Since April 2013, Ministry of Defence publications no longer report the entire strength of the Regular Reserve, instead, only Regular Reserves serving under the fixed-term reserve contract are counted. As of 2014, they had a strength of 45,110 personnel. Of those, approximately 2,450 were serving alongside the Regular military in active service.

Regular Reserves

Royal Fleet Reserve
The Royal Fleet Reserve consists of ex-Regulars serving under a fixed-term reserve contract. As of 2014, they have a strength of 7,960 personnel.

Army Reserve (Regular)
The Regular Reserve of the British Army was originally created in 1859 by Secretary of State for War Sidney Herbert, and re-organised under the Reserve Force Act, 1867. Prior to this, a soldier was generally enlisted into the British Army for a 21 year engagement, following which (should he survive so long) he was discharged as a Pensioner. Pensioners were sometimes still employed on garrison duties, as were younger soldiers no longer deemed fit for expeditionary service who were generally organised in invalid units or returned to the regimental depot for home service. The cost of paying pensioners, and the obligation the government was under to continue to employ invalids as well as soldiers deemed by their commanding officers as detriments to their units were motivations to change this system. The long period of engagement also discouraged many potential recruits. The long service enlistments were consequently replaced with short service enlistments, with undesirable soldiers not permitted to re-engage on the completion of their first engagement. The size of the army also fluctuated greatly, increasing in war time, and drastically shrinking with peace. Battalions posted on garrison duty overseas were allowed an increase on their normal peacetime establishment, which resulted in their having surplus men on their return to a Home station. Consequently, soldiers engaging on short term enlistments were enabled to serve several years with the colours and the remainder in the Regular Reserve, remaining liable to recall to the colours if required. Among the other benefits, this thereby enabled the British Army to have a ready pool of recently-trained men to draw upon in an emergency. The name of the Regular Reserve (which for a time was divided into a First Class and a Second Class) has resulted in confusion with the Reserve Forces, which were the pre-existing part-time, local-service home-defence forces that were auxiliary to the British Army (or Regular Force), but not originally part of it: the Honourable Artillery Company, Yeomanry, Militia (or Constitutional Force) and Volunteer Force. These were consequently also referred to as Auxiliary Forces or Local Forces.

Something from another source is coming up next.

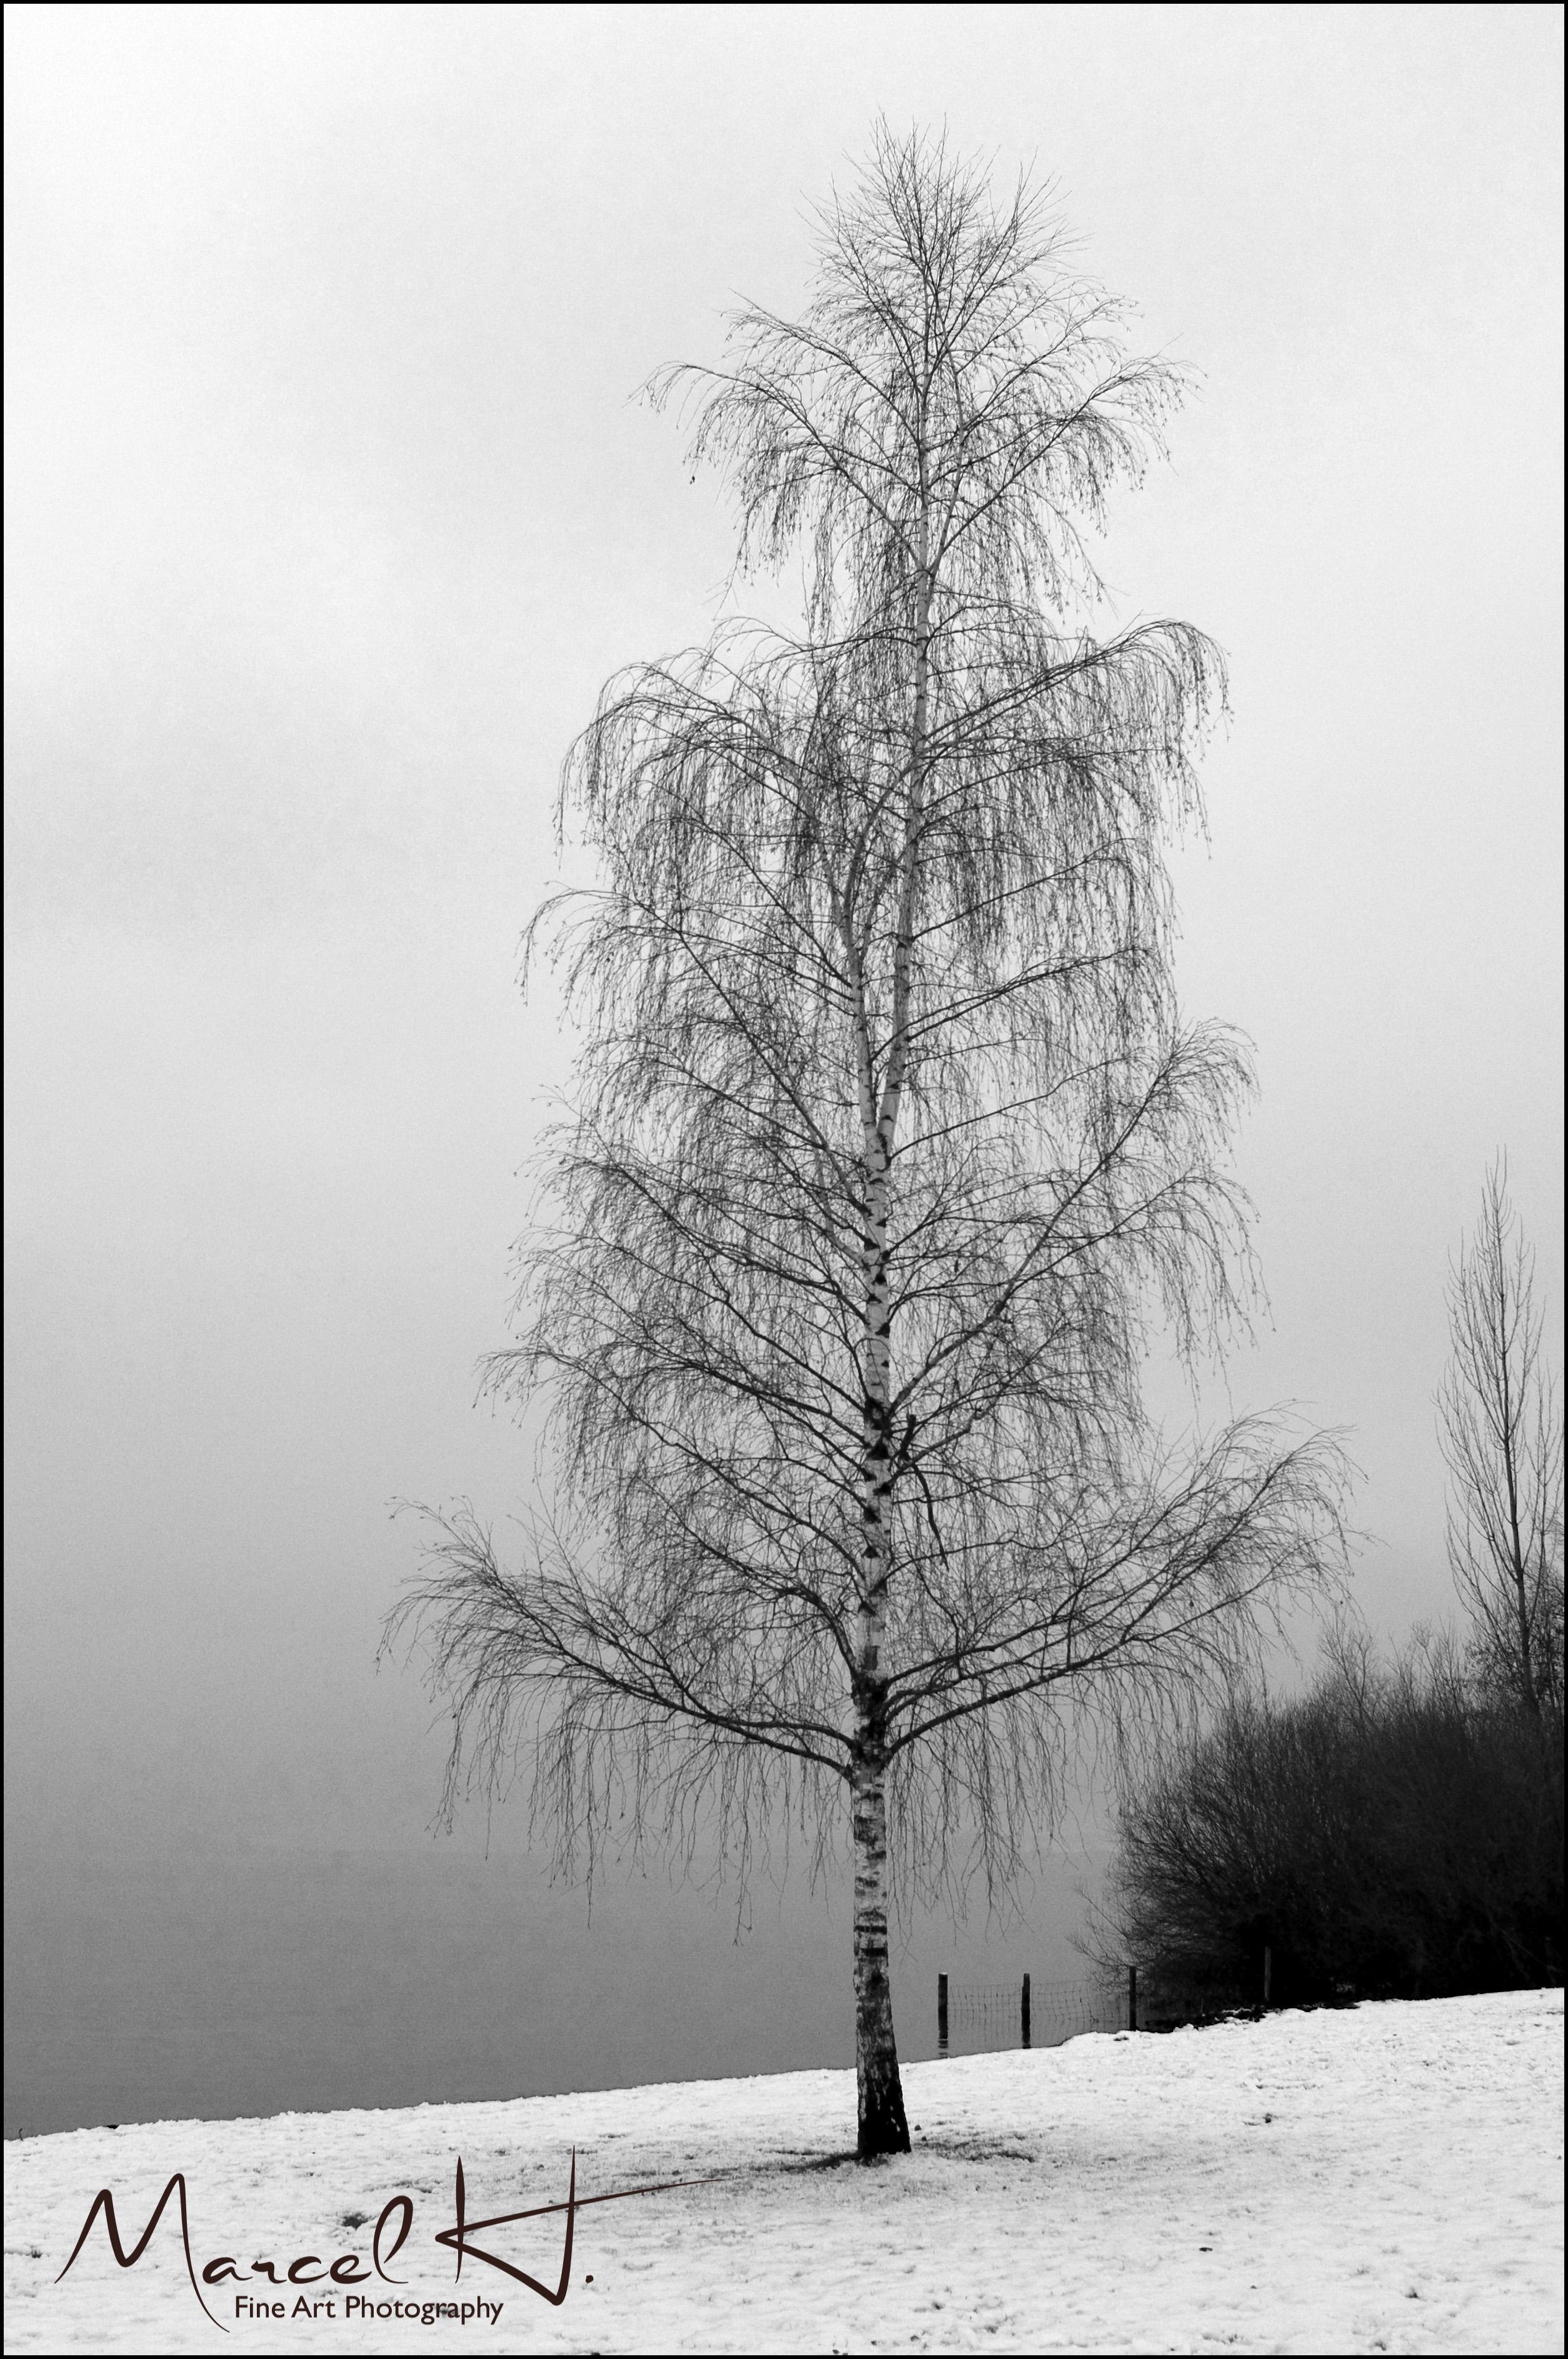 Nebel_Birke

Today, the Army Reserve (Regular) of the British Army consists of Regular Reserves serving under a fixed-term reserve contract and are by far the largest of the armed forces Regular Reserves. As of 2014 they numbered 30,030 personnel and are divided into two categories. Category A is mandatory, with ex-Regulars automatically falling into this category upon leaving Regular service. Category D is voluntary, for ex-Regulars who are no longer required to serve in category A, but wish to continue, this normally lasts until the age of 55. Ex-Regulars in both categories serve under the fixed-term reserve contract.

The Army Reserve (Regular) is distinct from and should not be confused with the British Army's Volunteer Reserve force of the same name, the Army Reserve.

Air Force Reserve
The Air Force Reserve consists of ex-Regulars serving under a fixed-term reserve contract. As of 2014, they have a strength of 7,120 personnel.

Other Regular Reserves and the Reserve Forces Act 1996
The following elements of the Regular Reserve are no longer included or counted in Ministry of Defence publications and statistics on Reserve Forces and Cadets.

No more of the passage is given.